Once again, someone published an article disparaging a genre and all those who read it. In this case it was an article about how adults who read YA should be ashamed for themselves. (These sorts of articles seems to pop up about once a year.) It’s unfortunate when articles like this happen, since they’re usually sweeping in judgment, often saying that “adults” should read “real books” blah, blah, blah.

But it’s not just YA that this happens to. Romance. Chick-Lit/Women’s Fiction. They, too, are subject to haters. (It seems to me that a majority of these are dominated both reading and writing wise by women, but that’s a (very important) conversation for another day.)

Someone is always judging and dismissing those who read (and write) x or y genre, which is usually not the preference of the one doing the judging. The readers in question are told to read “real books.”

This is what I say:

shut up and read

Everyone is entitled to their own opinion and they’re allow to not like certain types of books, but that doesn’t mean they’re should dismiss or disparage entire readerships or genres.
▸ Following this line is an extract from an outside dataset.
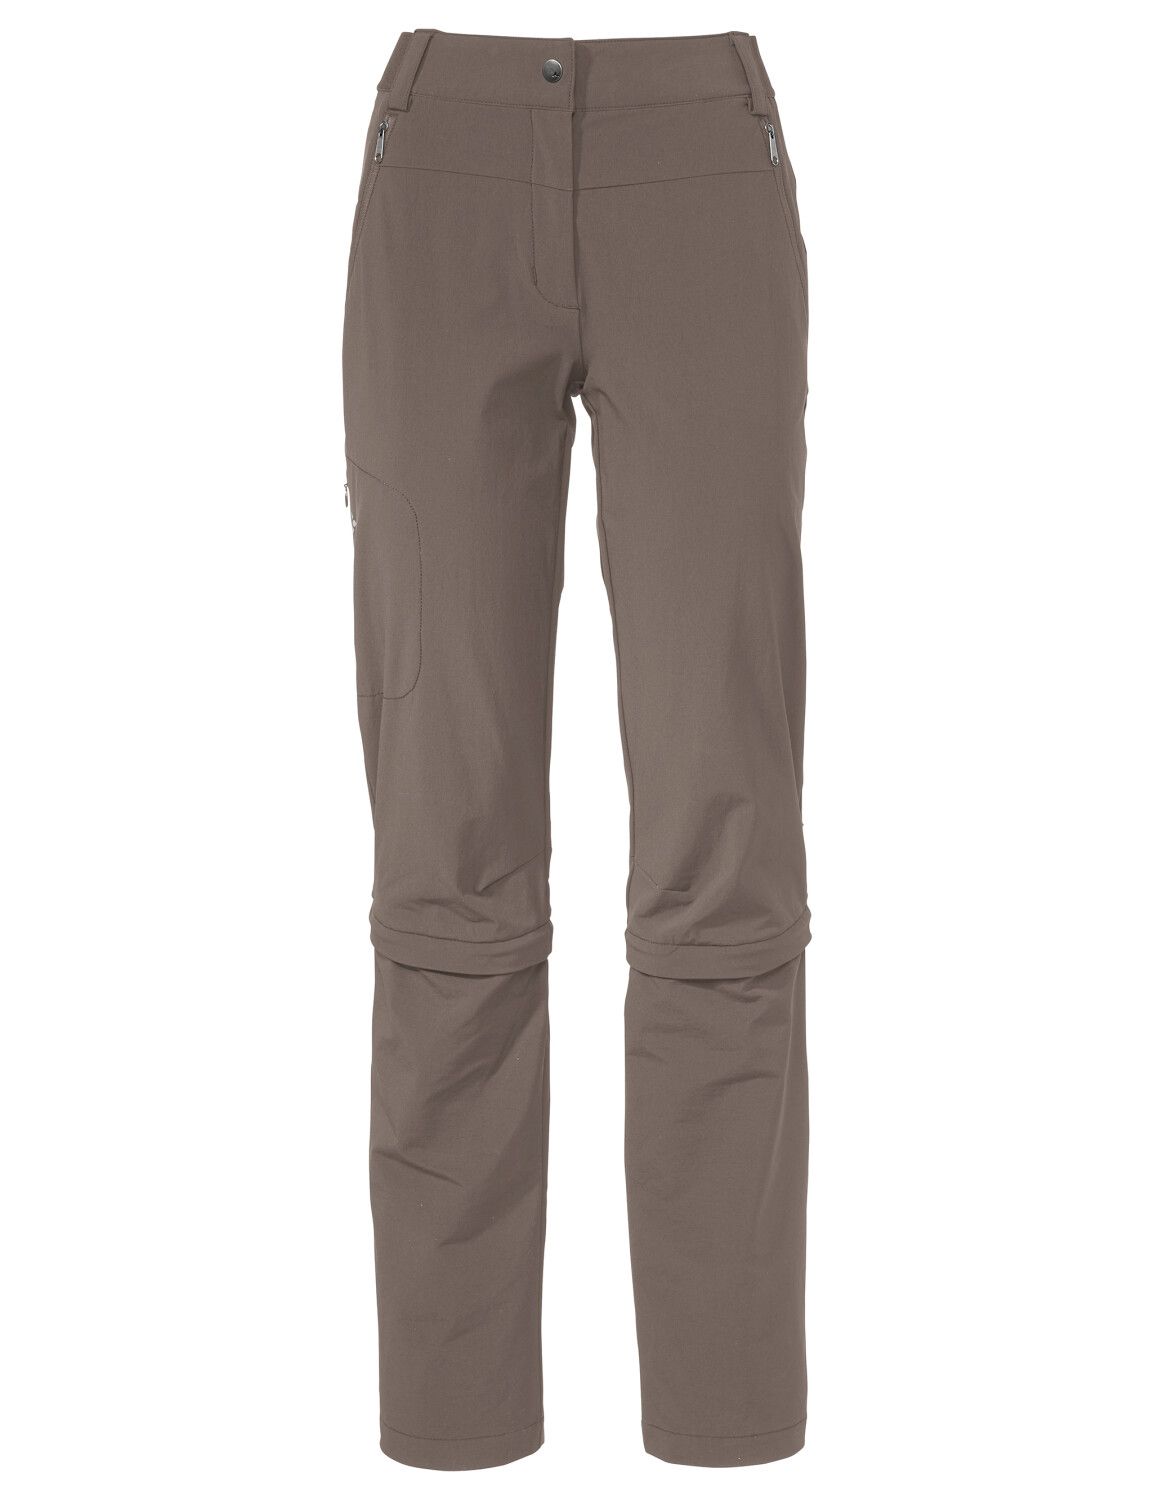 VAUDE Women's Farley Stretch Capri T-Zip Pants III (Bild 24)

Also, the “real” book argument really gets to me. As a YA author (and a Steampunk author) I get the “when are you going to write a real book” question all the time.

What exactly makes a book “real” anyhow? How is writing a book for teens, or with kissing, or paranormal creatures, so hoverboards any less real?

Um, heck no. These books aren’t lesser. The readers aren’t lesser. The authors aren’t lesser. No less work going into crafting these stories than any other book.

There are plenty of merits to reading YA. Lots of people enjoy them. Lots of people write them. They make lots of people happy. This could be said for any other genre.

Read whatever you want. Read what makes you happy. Write whatever you want. Write what makes you happy.

Life is too short to not read (and write) whatever you like, so why limit yourself? Why not go all over the bookstore to find those books? Who knows what gems you’ll find? Why not write a story the way it wants to be written?

Every book, every story has value. Everyone is different. That is the beauty of having so many different types of books–so everyone can find a story that resonates with them.

So, be proud, adult readers of YA, readers of romance, readers in general. Books are awesome. it's ok to read YA

 

Suzanne Lazear is the author of the YA Steampunk dark-fairytale series “The Aether Chronicles.” INNOCENT DARKNESS and CHARMED VENGEANCE are out now. FRAGILE DESTINY releases 8-8-14. She runs with cupcakes, plays with swords, likes cupcakes, and thinks adulthood is over-rated.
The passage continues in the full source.